Both sides are happy about the deal. The 70-odd family shareholders of Hermès will no longer fear a hostile takeover of their company by LVMH and its free float on the stock exchange will more or less triple to 21.4 percent of the equity, reducing speculation around the stock. LVMH will come out with an underlying capital gain of €2.4 billion, on top of a gain of €1 billion already taken.

Its biggest shareholder, Bernard Arnault, will still own 8.5 percent of Hermès through Groupe Arnault and Christian Dior, which holds 42 percent of LVMH's shares. They and LVMH have committed themselves not to purchase any other shares in Hermès for the next five years. Furthermore, Christian Dior will redistribute its Hermès shares to its own shareholders including Groupe Arnault, which holds 70 percent of its shares.

As previously reported, LVMH has been amassing shares in Hermès since 2002, moving secretly on occasion through equity swaps - a behavior that was sanctioned by French stock exchange authorities in October 2010 with a fine of €8 million.

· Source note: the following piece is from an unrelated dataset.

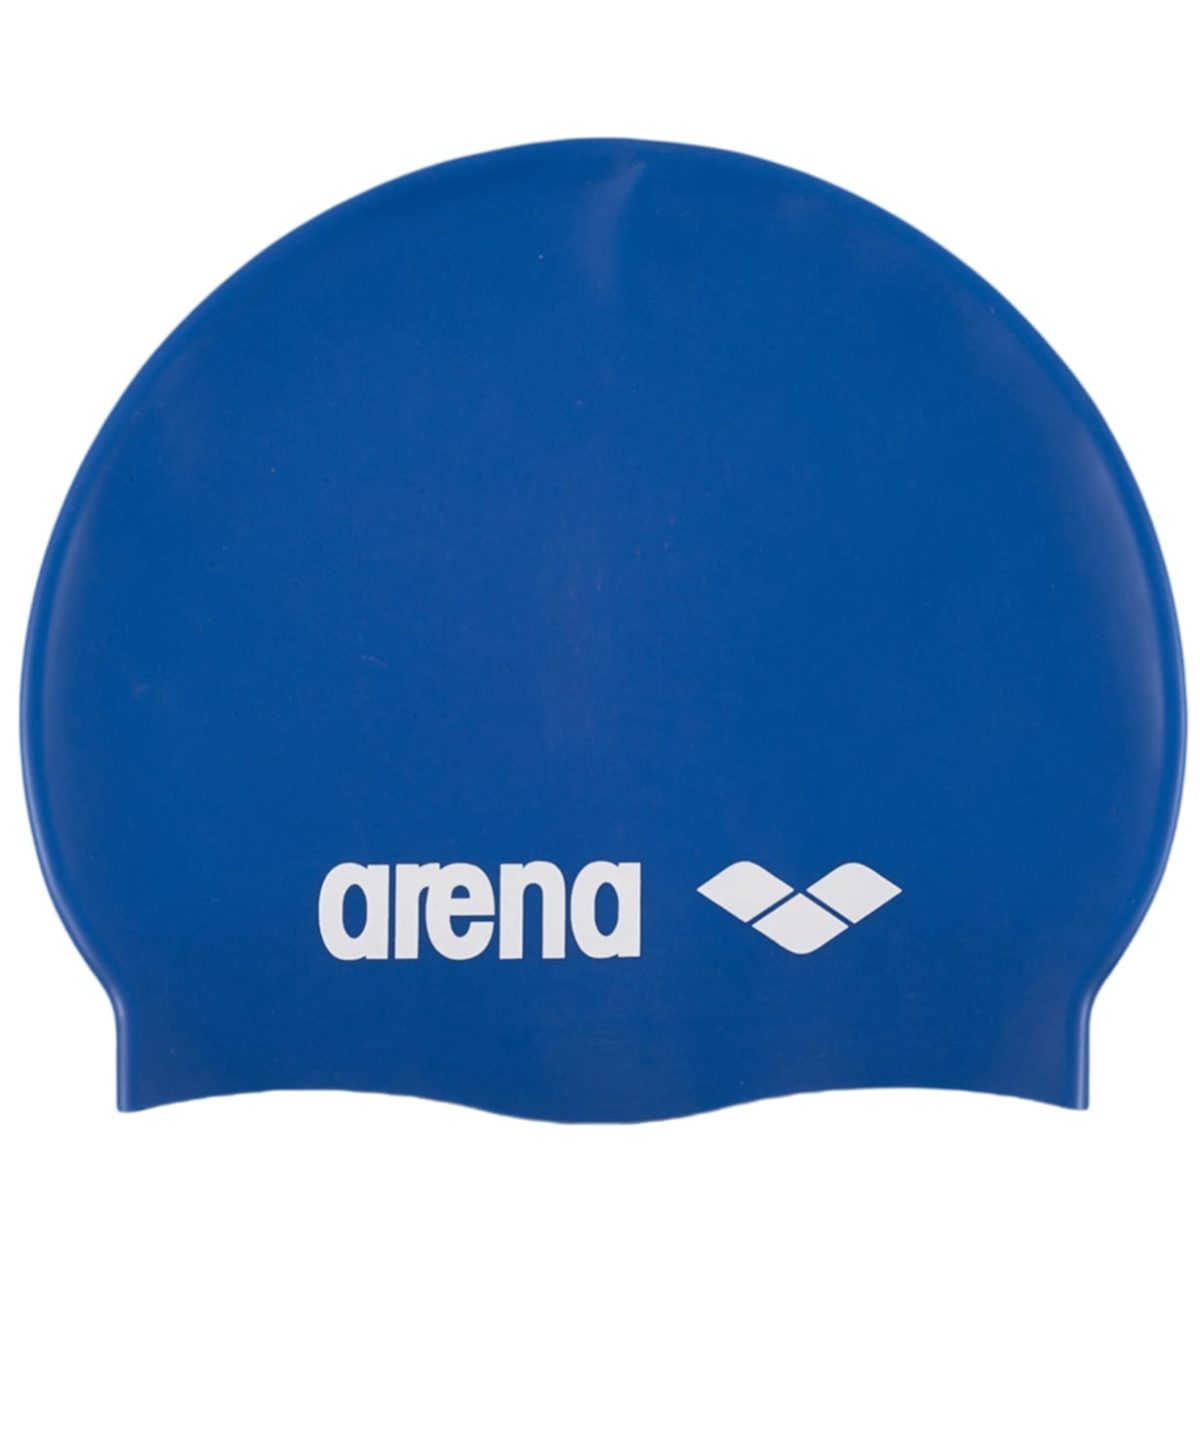 ARENA шапочка для плавания Classic Silicone JR Skyblue/White - 1

Meanwhile, Hermès reported new figures that showed a slight decline in its high profitability. Its operating margin fell to 32.6 percent in the first half of 2014 from the record level of 33.1 percent attained in the comparable period of 2013, due entirely to currencies. The company was unable to compensate the lower value of the Japanese yen with a 10 percent increase in prices implemented in the country.

Net earnings went up by 8.1 percent to 21.6 percent of Hermès' revenues. As previously reported, the group's global sales of €1.9 billion in the six-month period showed a 12 percent increase in terms of local currencies. Clothing, footwear and other accessories enjoyed the biggest growth at 15.8 percent, and came to represent 23 percent of the total turnover.

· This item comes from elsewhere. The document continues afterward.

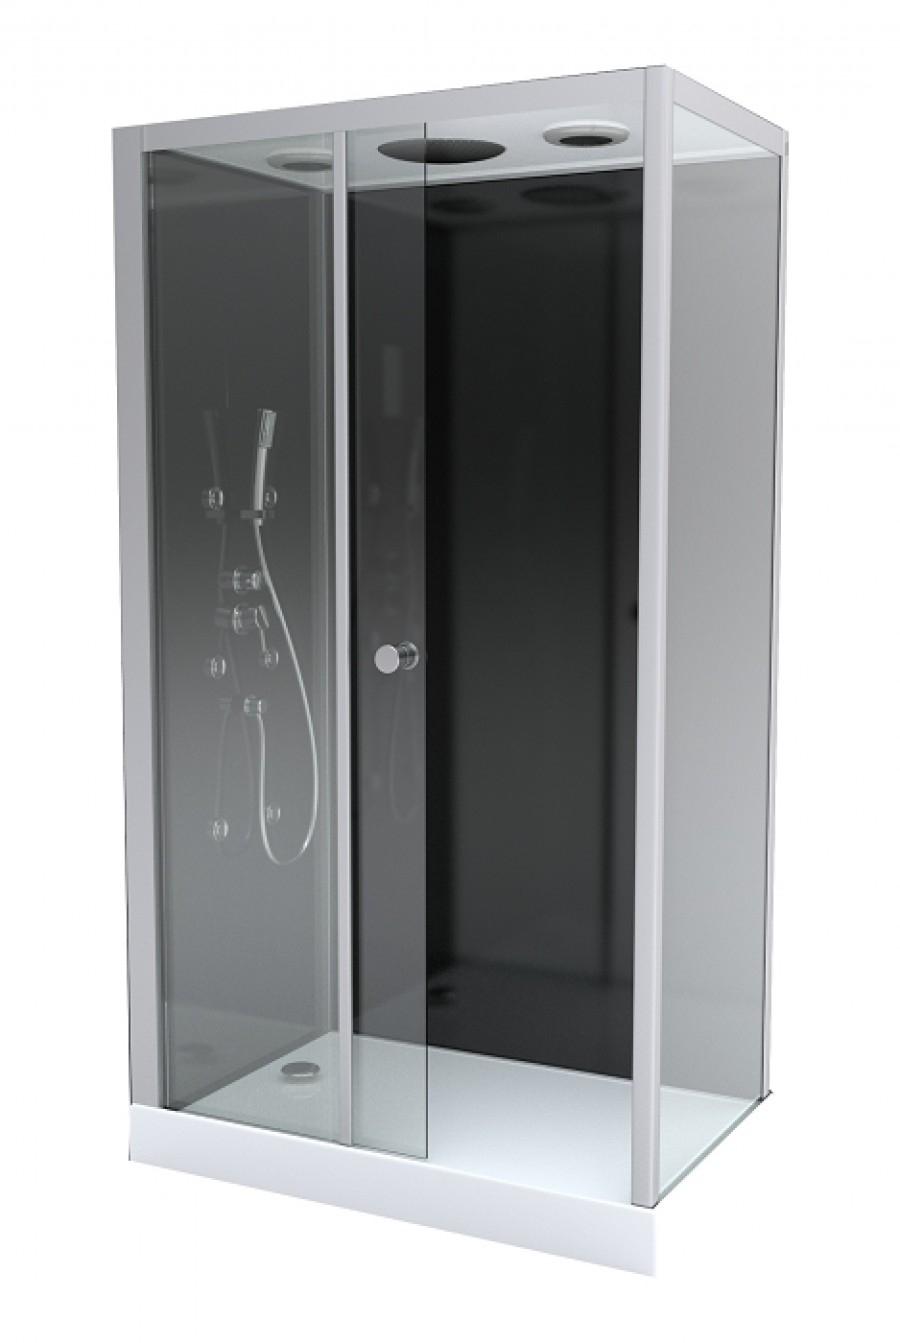 Cabine de douche rectangulaire black zen 2 - Cabine de douche rectangulaire 110 x 80 ...

In commenting on the figures, Axel Dumas, the young new chief executive of Hermès, said that the group has big ambitions in the footwear sector under the guidance of the artistic director of its shoe collection, Pierre Hardy. In the women's wear sector, the former artistic director, Christophe Lemaire, has been replaced by Nadège Vanhee-Cybulski.

Dumas announced that Hermès would open or renovate around 15 stores this year. Hermès has just opened its 20th store in China. Located on Huaihai Road in Shanghai and measuring more than 1,200 square meters, it's the fifth “Maison Hermès” flagship store around the world, joining those it operates in Paris, New York, Tokyo and Seoul.